Dr. Leonard H. McCoy
Personal Log 0063
I don't like these. I don't really feel right talking to myself, or even keying to myself. But I can't sleep, and Geoff says if he sees me in Sickbay when I'm supposed to be sleeping one more time, he'll sick Jim on me. That's the last thing I need right now. He's already giving me sideways glances, but he hasn't said anything yet, and I want to keep it that way. I know Captain's discretion means Jim could read this one day, and if you do, sorry Jim. Nothing personal, I just can't talk about it right now.
I feel like shit in more ways than one. My head is killing me. I've been self-medicating with a combination of acetaminophen, isometheptene and dichloralphenazone, but it's starting to last for a shorter time every day, and I'm worried about increasing my dose. I don't need a chemical dependency on top of everything else. I've been tense since... well of course I've been tense. But I think the tension is starting to wear me out, because neck and shoulders are sore, which isn't helping the headaches. And, of course, I can't sleep. I'm using tryptophan at night, but tonight, even that's not working. What I'd like is a stiff drink or three, but I can't risk it with this prescription cocktail running through my blood.
Then, there's Spock. I hate talking about this, but I figure I need to get it off my chest. Maybe, it'll... ah bullshit. Nothing will make it easier. Spock... he's... I think he's starting to notice. I'm trying to act normal, but I can't. I get near him, and I can feel my whole body tighten up. I don't want him to see, so I avoid looking at him. I know if he even brushes my hand, it'll spill over, and he'll know something's wrong, and I don't want that either, so I try to keep distance between us.

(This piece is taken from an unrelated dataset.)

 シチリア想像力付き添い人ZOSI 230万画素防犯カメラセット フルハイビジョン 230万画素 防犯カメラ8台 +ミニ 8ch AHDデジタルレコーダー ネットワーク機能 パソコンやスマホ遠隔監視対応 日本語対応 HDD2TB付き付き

But the whole damned problem with all this is, I know he already knows something is up. He keeps staring at me whenever I'm in the room. I can see him trying to maneuver himself into a private conversation with me, but I can't... I can't. And I hate myself for it. People tend to think Vulcans can't feel anything, but they can, and they do. And I'm pretty sure it's not just the human half of Spock that feels. If that other one was any example, they feel every bit as strongly as we do, if not moreso. Which means, I know he's got to be hurting right now. He's probably confused, and maybe he thinks he did something wrong. But every time I decide I'm going to reach out and tell him he hasn't done anything wrong, I freeze and all but run away. I'm so disgusted I can't even look at myself in the mirror anymore.

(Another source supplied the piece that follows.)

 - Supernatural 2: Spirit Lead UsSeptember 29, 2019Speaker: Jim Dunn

I know what's wrong with me. I can see it, plain as day. If I were to diagnose a patient who described these feelings, after what happened to me, I'd say immediately - it's post-traumatic stress, caused by physical and mental attack. But even as I say that, I know it's not quite true. I've been physically attacked before - Starfleet is a dangerous career choice, even for a ship's doctor. We've been scanned by telepathic beings before, too. But this was... it wasn't like getting your brain passively scanned, or even like the feeling of helpless anger you can get after taking a beating. It was more like being r-ra... God help me, I'm a doctor and I can't even say the damn word.
I can still see it. Vividly. Shoved against a wall, unable to fight against that Vulcan strength. Then his mind. Probing angrily, roughly shoving away the unnecessary to get to the point - the plan. I could feel his fury that I'd refused to answer, that we'd invaded his ship. There was surprise and confusion when he came to me and Spock, and a frantic searching of everything I knew about Jim - looking for why he would let this evil Spock live when it made more sense to kill him. And there was a whole lot of disdain for just about everything else. I was puny, insignificant, weak even compared to his own Dr. McCoy.
And then, as quickly as he'd forced his way in, he'd withdrawn, leaving me feeling nauseous, and exposed, and just utterly sick through and through. I barely remember the rest. Dragged through the halls of the wrong Enterprise like a rag doll, watching him do something with the computer, then in the transporter room and handed off to Scotty like a faulty phaser. I'm still not sure why he let us go. Jim was working his magic, and something in anti-Spock made him listen. But the emotions I remembered hadn't prepared me for it - maybe because he was taking, and he wasn't letting me see all there was to see. I couldn't even rightly enjoy the fact that I was alive and back with my own people. I managed to put on a smile, crack a few jokes on the bridge, but when I was alone again, the weight of everything just came crashing down on me. I had nightmares that first night, and I felt like I could still feel him, sneering at me, ripping through my thoughts. Since then, I've been afraid to close my eyes even for a moment. And seeing Spock, even without the facial hair, just... I'm getting nauseous again just thinking about it.
I hate this. I hate myself for punishing Spock for something he didn't do. I hate myself for being too scared to tell him, or any of them, about it. Even though I know all the signs of PTSD, I can't make myself stop all the irrational feelings that come along with it. I'm a coward. I, Leonard H. McCoy, am a coward without even the guts to look at the man I love and tell him I don't hate him.
Damn. This is why I didn't want to talk about this. Stomach hurts and headache's back, and I'm not about to close my eyes now for the world. Shit. I always knew those god damned fucking transporters were no fucking god damned good.